Oppenheimer: Is Christopher Nolan guilty of perpetuating a historical myth?
Professor Gareth Williams on why Christopher Nolan's new blockbuster film Oppenheimer perpetuates a myth that the atomic bombs dropped on Japan in August 1945 were all-American inventions. Here he explains the British contribution to the story...
I've just seen Christopher Nolan's Oppenheimer, which fully deserves its five-star rating. I also won a bet – that Nolan would perpetuate the pervasive myth that the atomic bombs dropped on Japan in August 1945 were all-American inventions.
We all know the story. Albert Einstein writes a letter to President Roosevelt, urging America to build an atomic bomb before the Nazis can.

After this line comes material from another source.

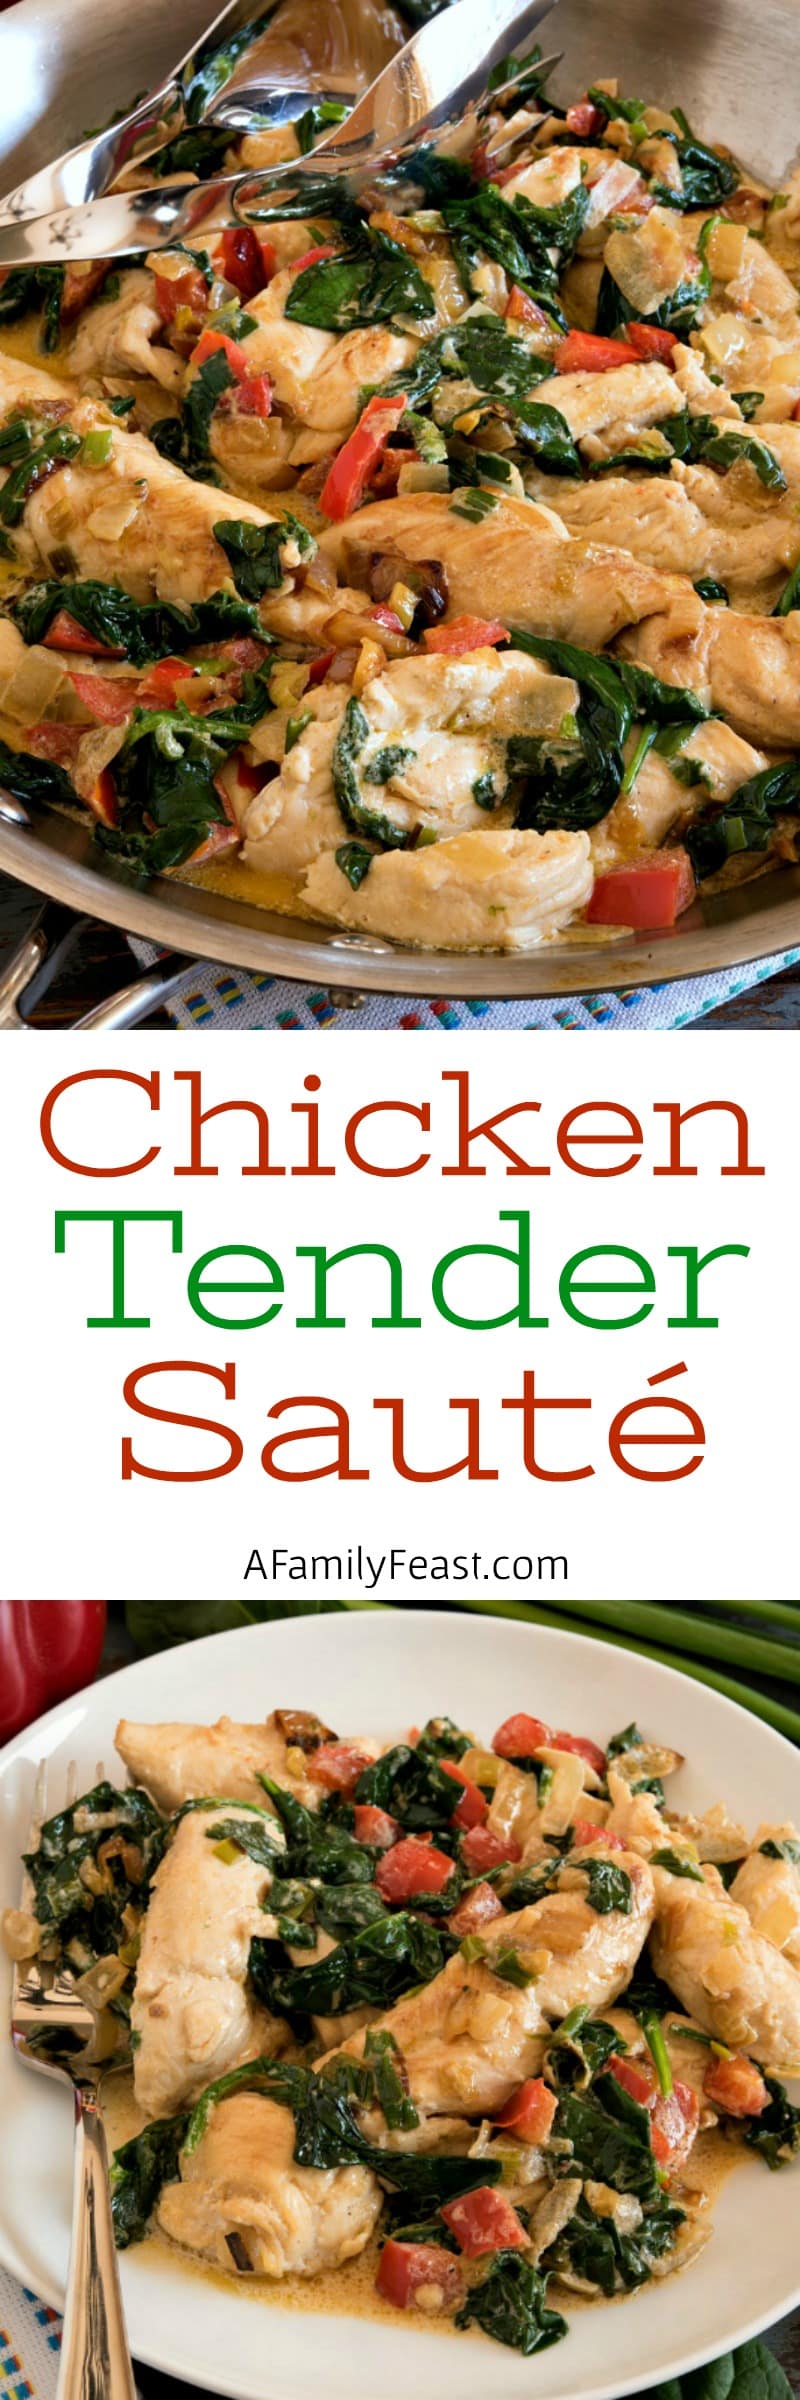 Chicken Tender Sauté - Tender strips of chicken with vegetables in a creamy sour cream sauce. Great for a keto or low carb diet.

Roosevelt sets up the Manhattan Project under physicist Robert Oppenheimer and military engineer General Leslie Groves. Oppenheimer assembles a brilliant American team at Los Alamos, which designs and constructs the bombs. These destroy Hiroshima and Nagasaki, precipitating the Japanese surrender and ending the Second World War.
I believed it too, until one morning in May 2017 when I was digging into the archives at Churchill College, Cambridge.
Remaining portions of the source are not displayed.